Novel computer vision architectures monopolize the spotlight, but the impact of the model architecture is often conflated with simultaneous changes to training methodology and scaling strategies. Our work revisits the canonical ResNet (He et al., 2015) and studies these three aspects in an effort to disentangle them. Perhaps surprisingly, we find that training and scaling strategies may matter more than architectural changes, and further, that the resulting ResNets match recent state-of-the-art models. We show that the best performing scaling strategy depends on the training regime and offer two new scaling strategies: (1) scale model depth in regimes where overfitting can occur (width scaling is preferable otherwise); (2) increase image resolution more slowly than previously recommended (Tan & Le, 2019).
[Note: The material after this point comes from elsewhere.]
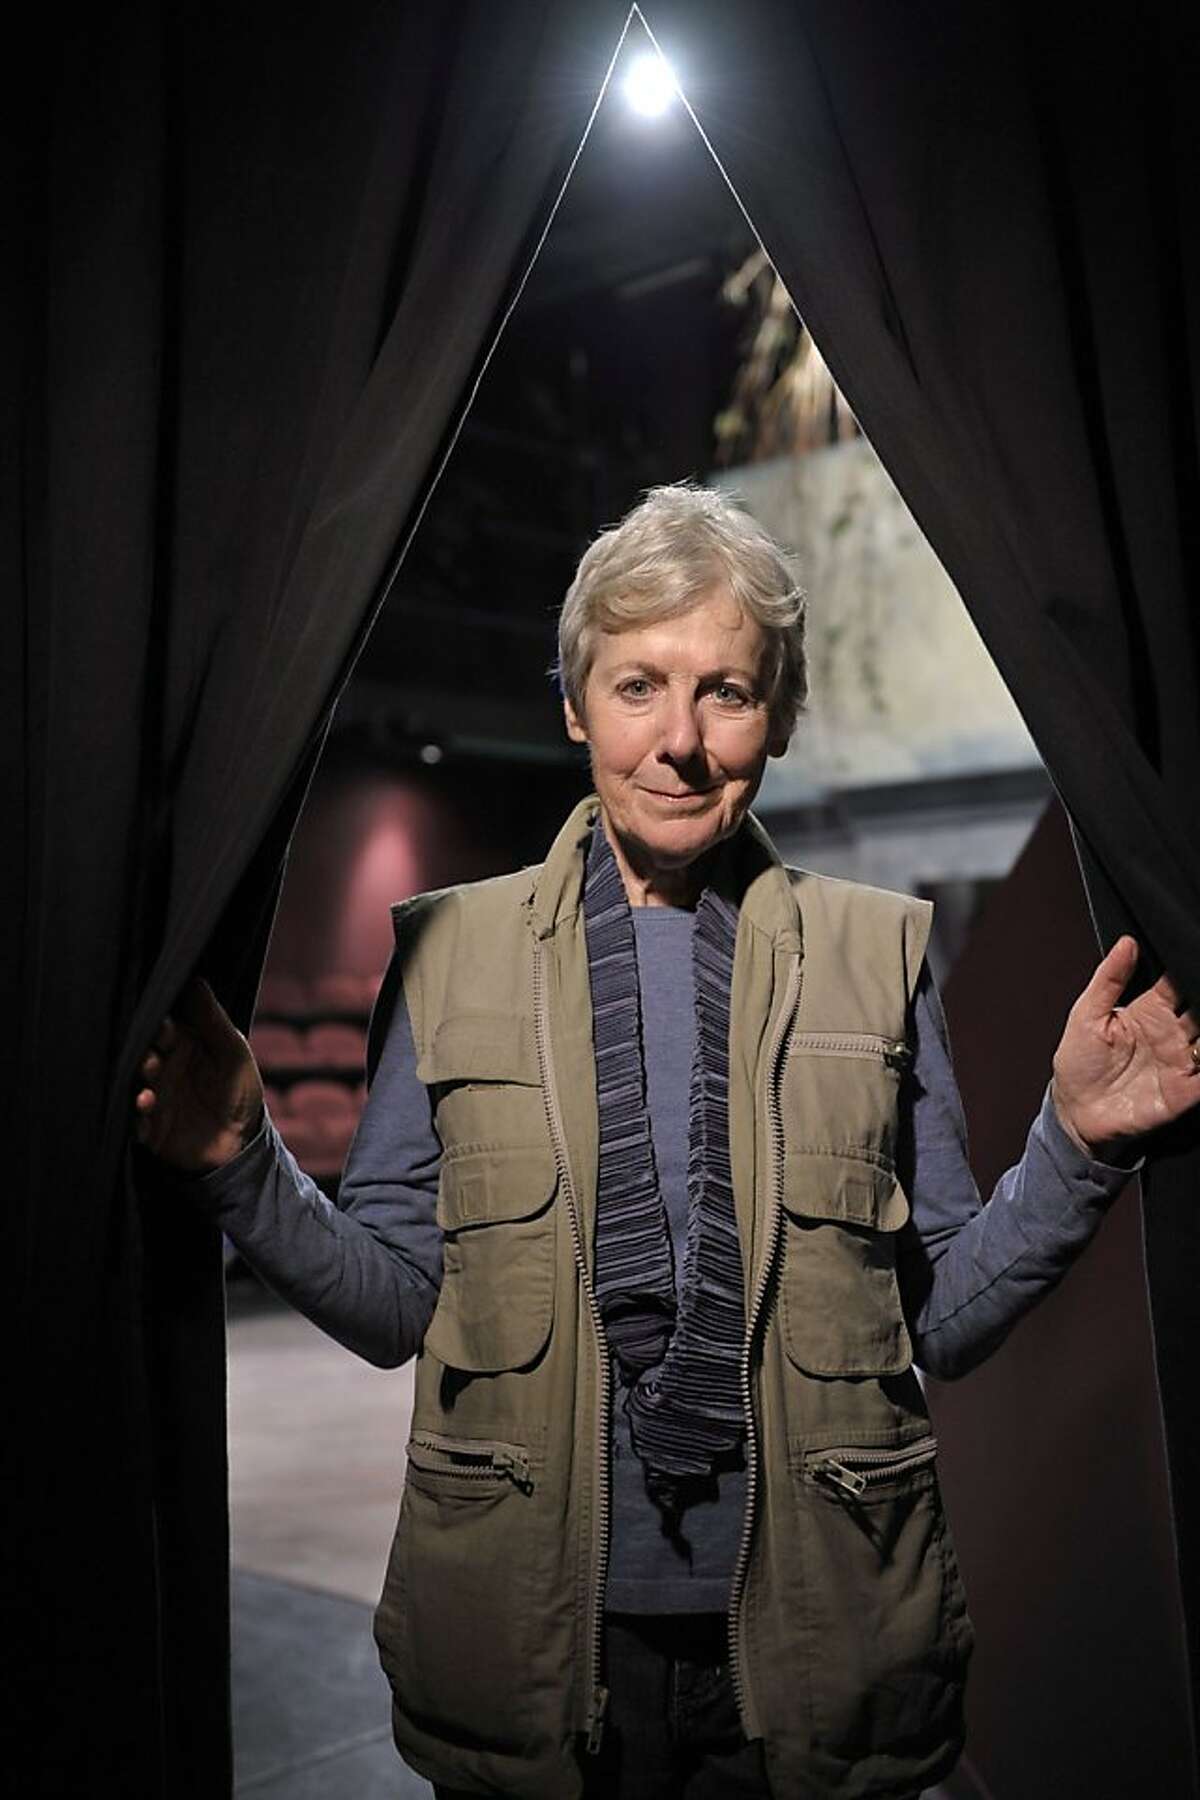 Veteran Bay Area actor and director Joy Carlin has had a busy year. She's got a juicy scene in Woody Allen's "Blue Jasmine," she performed in MarinTheatre Company's acclaimed "Beauty Queen of Leenane" and she's directing Aurora Theatre Company's season-opener, "After the Revolution," through Sept. 29. Photo by David Allen

Using improved training and scaling strategies, we design a family of ResNet architectures, ResNet-RS, which are 1.7x - 2.7x faster than EfficientNets on TPUs, while achieving similar accuracies on ImageNet. In a large-scale semi-supervised learning setup, ResNet-RS achieves 86.2% top-1 ImageNet accuracy, while being 4.7x faster than EfficientNet NoisyStudent. The training techniques improve transfer performance on a suite of downstream tasks (rivaling state-of-the-art self-supervised algorithms) and extend to video classification on Kinetics-400. We recommend practitioners use these simple revised ResNets as baselines for future research.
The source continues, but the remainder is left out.